### Dataset records

==*==

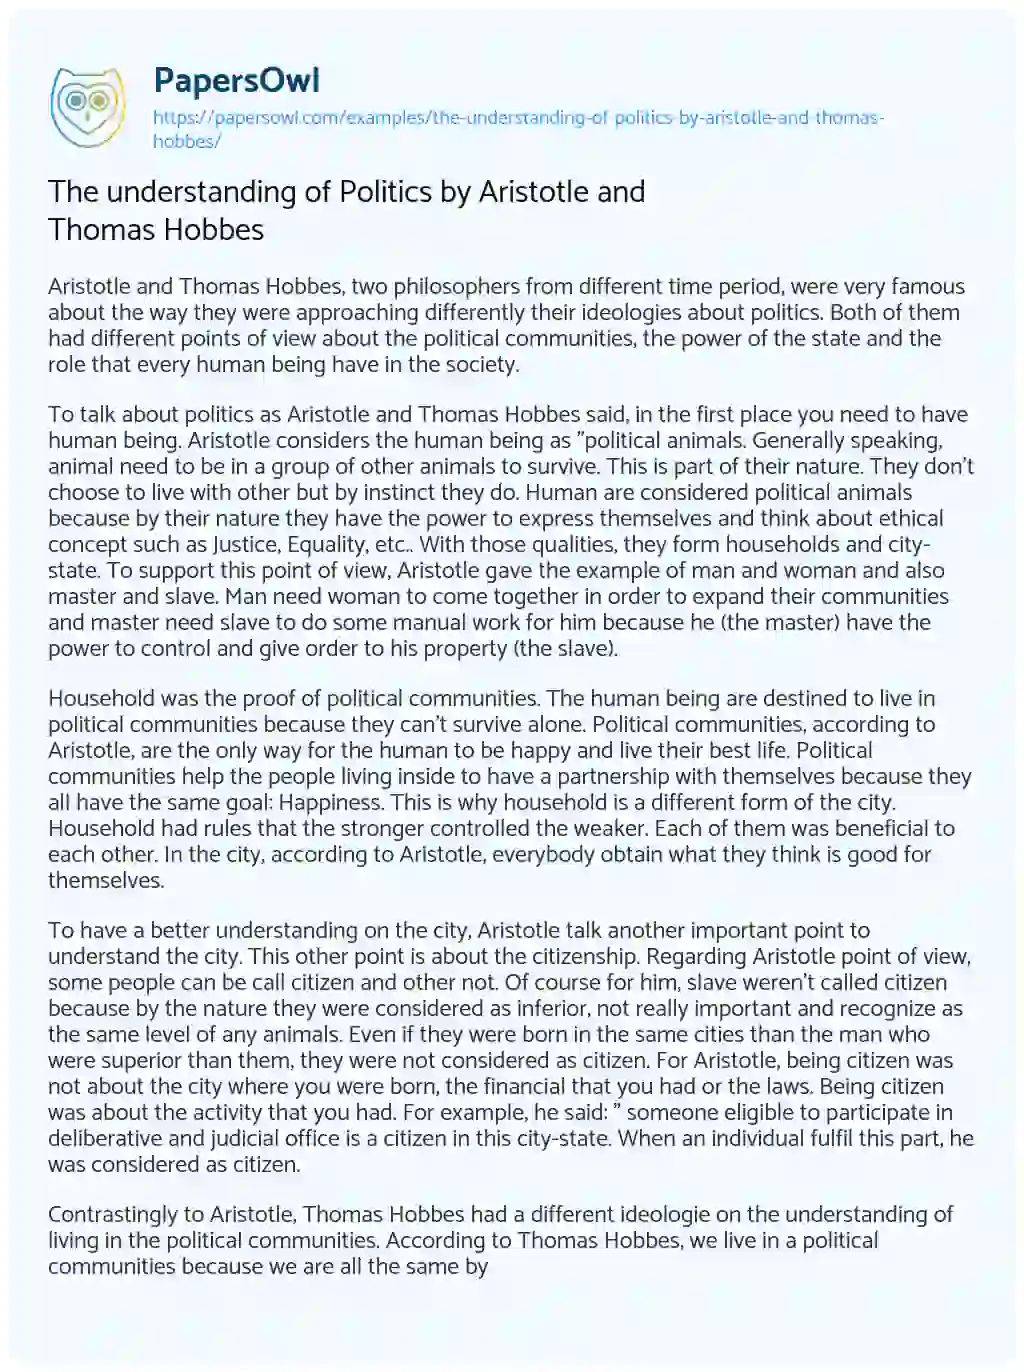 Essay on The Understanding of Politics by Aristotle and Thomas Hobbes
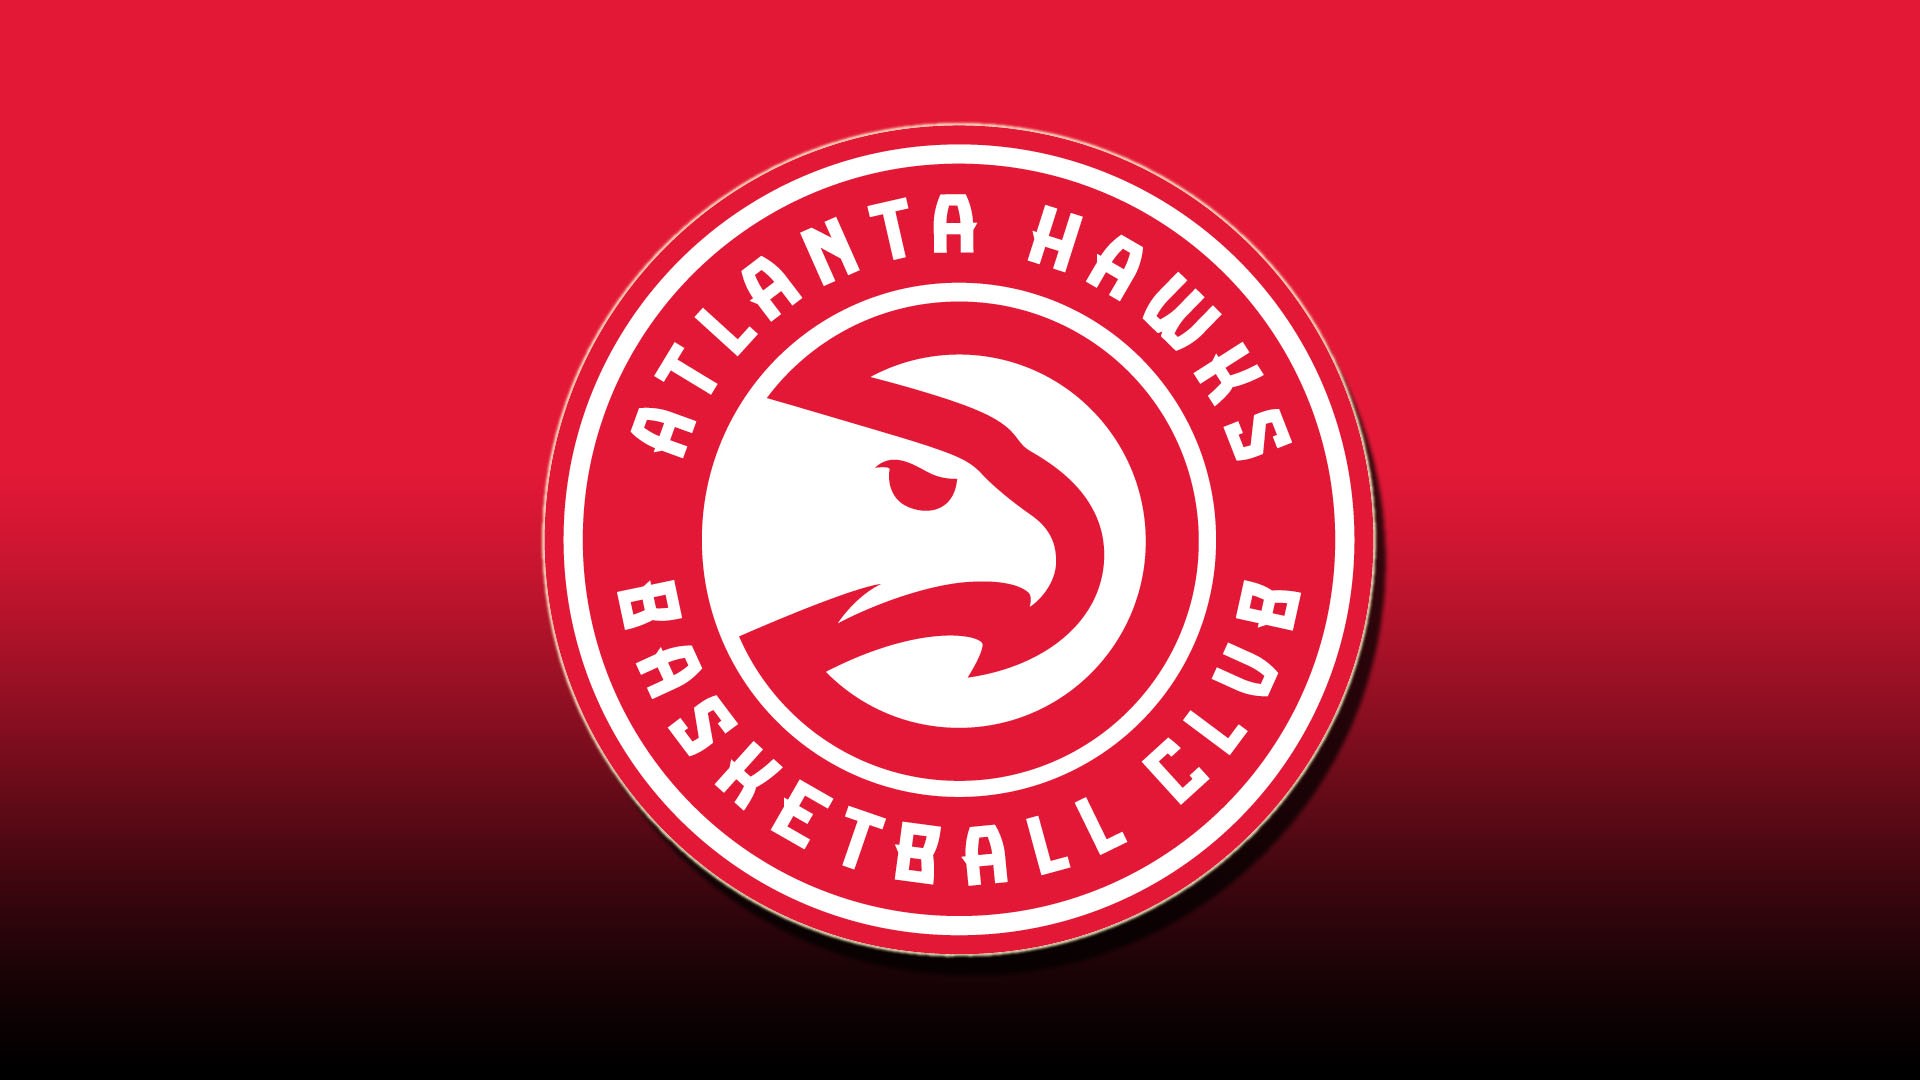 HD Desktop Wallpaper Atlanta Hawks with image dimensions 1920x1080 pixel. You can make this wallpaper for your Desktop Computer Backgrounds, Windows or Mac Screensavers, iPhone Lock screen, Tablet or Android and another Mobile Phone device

==*==

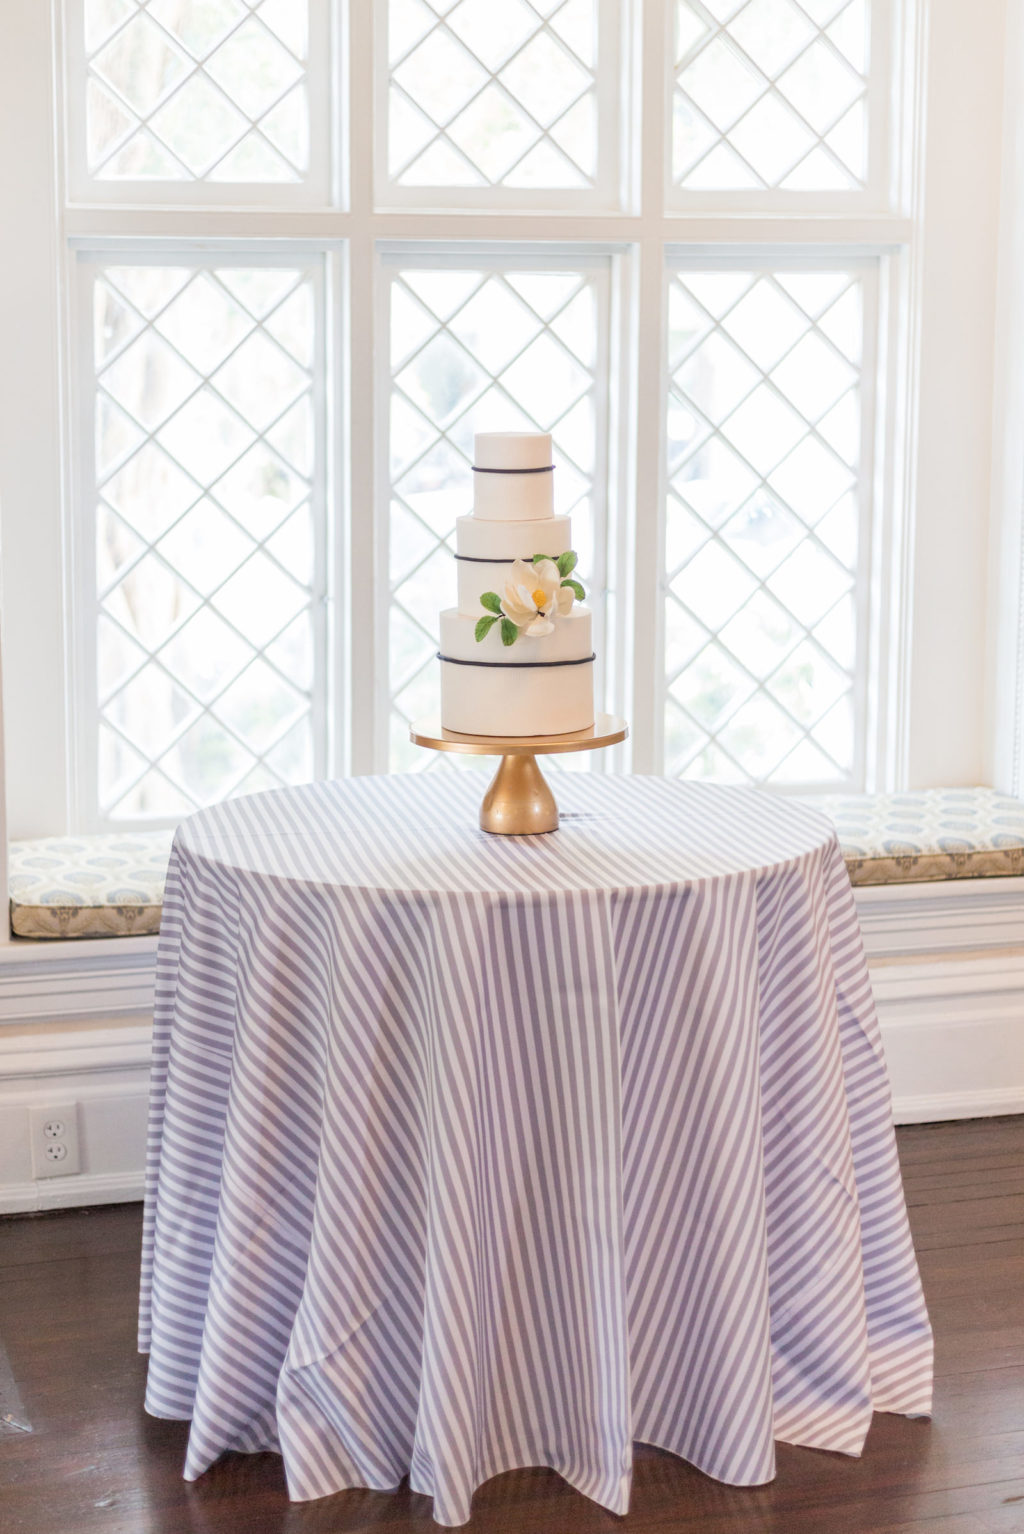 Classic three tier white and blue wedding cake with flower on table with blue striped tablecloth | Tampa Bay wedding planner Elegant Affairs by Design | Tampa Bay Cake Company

==*==

### What this task involves
Going by the data above, give back only the lines from the one containing "Essay on The" through the one containing "HD Desktop Wallpaper", exactly as they stand, both ends included and no images.

### Task output
 Essay on The Understanding of Politics by Aristotle and Thomas Hobbes
 HD Desktop Wallpaper Atlanta Hawks with image dimensions 1920x1080 pixel. You can make this wallpaper for your Desktop Computer Backgrounds, Windows or Mac Screensavers, iPhone Lock screen, Tablet or Android and another Mobile Phone device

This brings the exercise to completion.